Condominium as our targeted environment
Our projects truly shine in a condominium where there are multiple buildings each with its own intercoms and where there is a shared network (wireless or wired it doesn’t matter).
This could be used also in smaller environments but this would lead to a worse detection rate and a reduced common knowledge for the smart intercoms.
We imagined that this could be also used by shop-owners to protect their business.
Hardware and services
For our demo of smart intercom, we adopted as our reference board a Raspberry Pi 3 (using Raspbian as its OS), but newer versions are good as well as long as it’s possible to establish a connection to a local network.
Together with the board, we used the Pi Camera module V2 which provides HD images of the subjects that ring the bell.
You also need everything in order to give energy to the board (who would ever have guessed that?) and a button that will simulate the user input on the doorbell.
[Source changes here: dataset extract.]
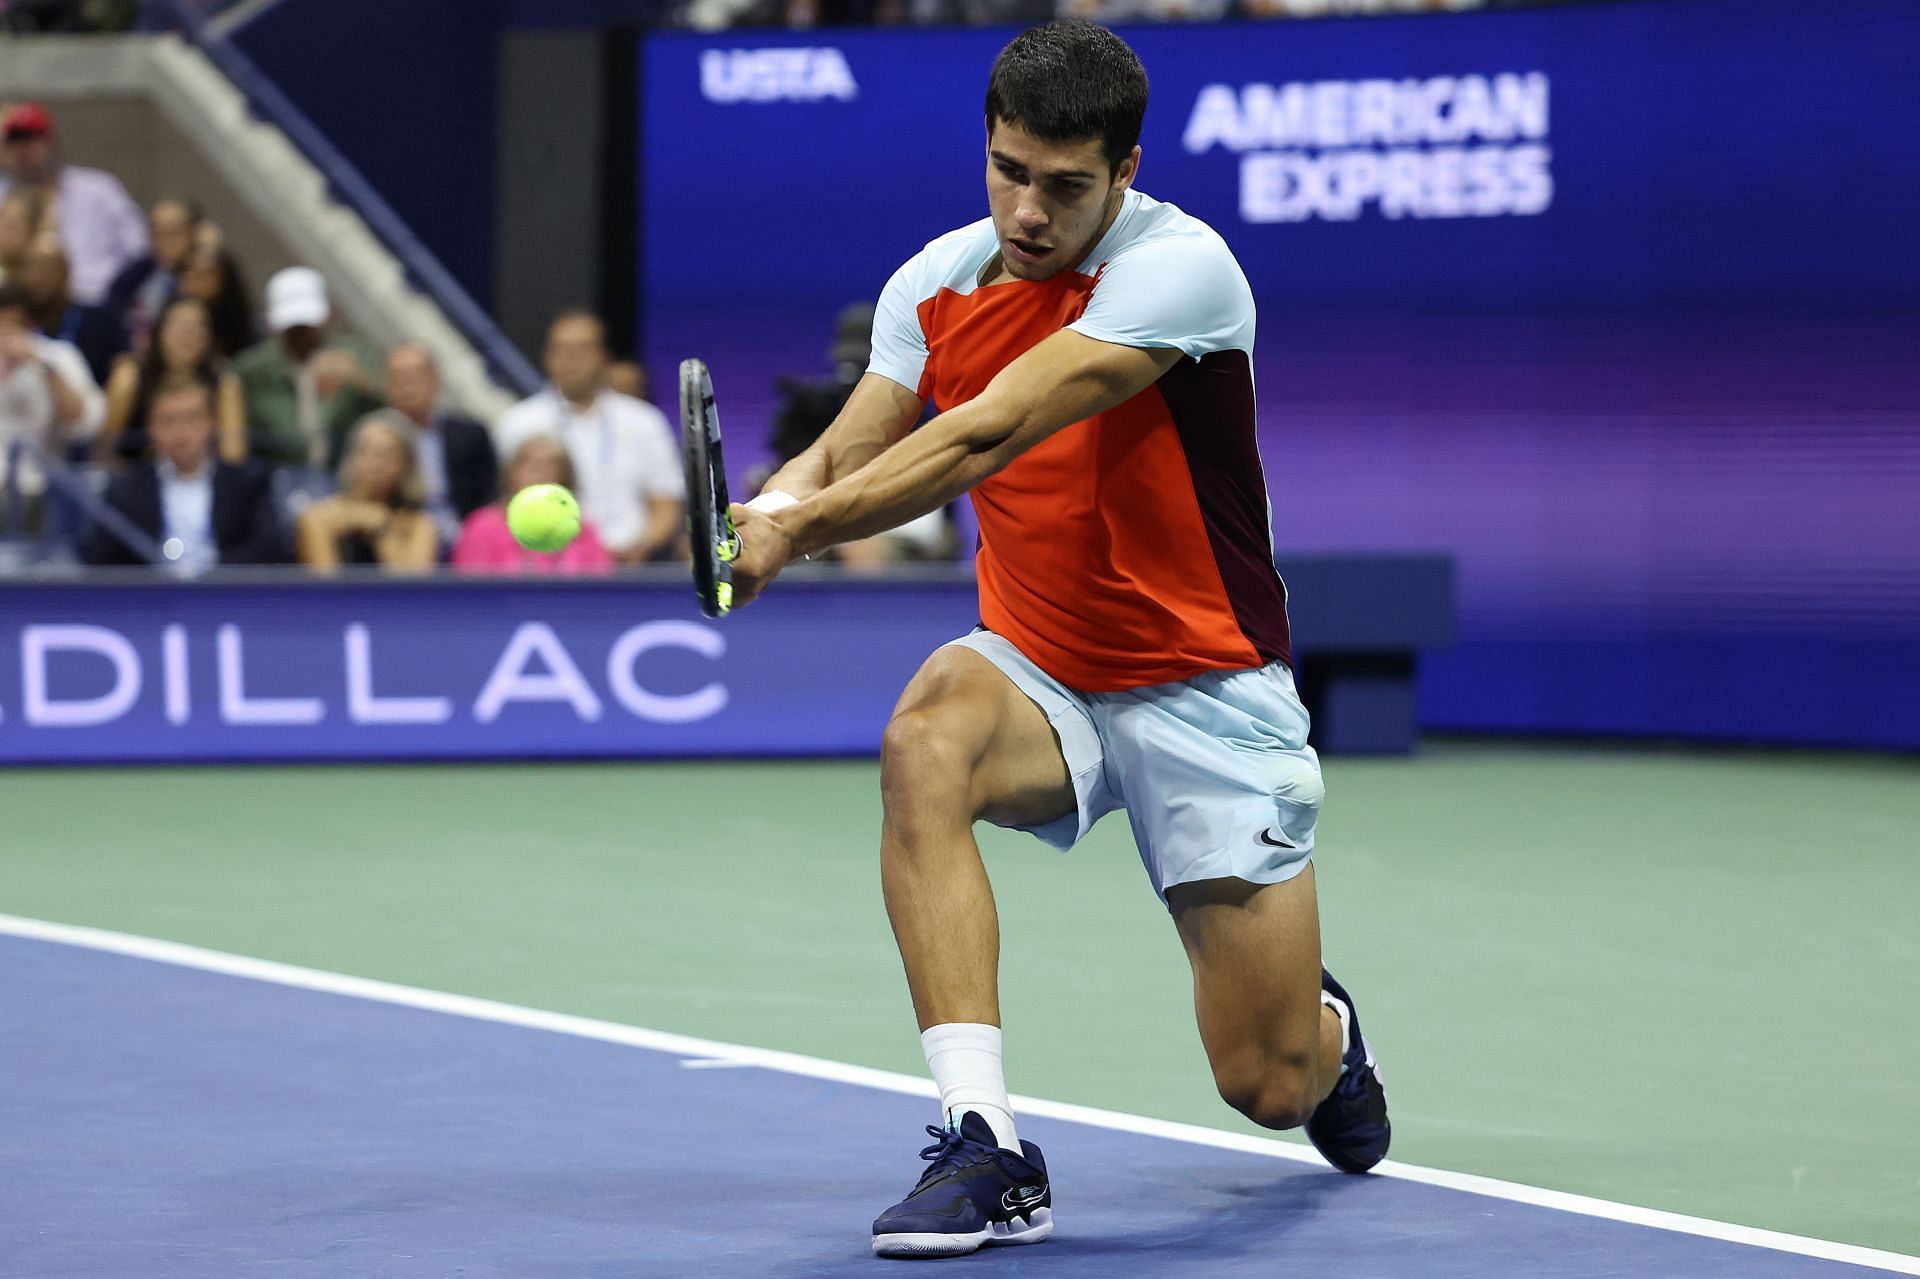 Alcaraz at the 2022 US Open - Day 12

Cloud services? No thanks, the Human-firewall project doesn’t need them, everything will work by exclusively using the LAN so that we can provide the highest level of privacy to the sensible data that will be used (but never stored).
Our project is composed of three parts:
- The slave subsystem, which is used to capture the doorbell input take photos and work with them to recognize people.
- The bot subsystem, which hosts the telegram bot of the condominium.
- The master subsystem, which is the focal point of our shared knowledge architecture.
Given these three subsystems, we have two types of boards, a master board, and a slave board, however, the user does not see any difference between a master and a slave board.
All the boards are supposed to be in the same NATed WiFi/wired Lan, no open ports to the internet are needed, except the ones for the Telegram’s servers which are used by the bot subsystem.
The master system
The master board hosts an instance of the master subsystem which is composed of a web server, an MQTT broker, contains the Telegram bot of the condominium and uses the slave subsystem to also work as a doorbell.
The web server is used to communicate with the slaves, and offers several endpoints:
- Identification endpoint: So that new slaves in the network can find it scanning the LAN.
- Ring endpoint: Used to manage the event when a person rings a doorbell connected to the network, the master will send the photo and the evaluation data to the Telegram bot, allowing it to notify the event to the user and to identify who has rung.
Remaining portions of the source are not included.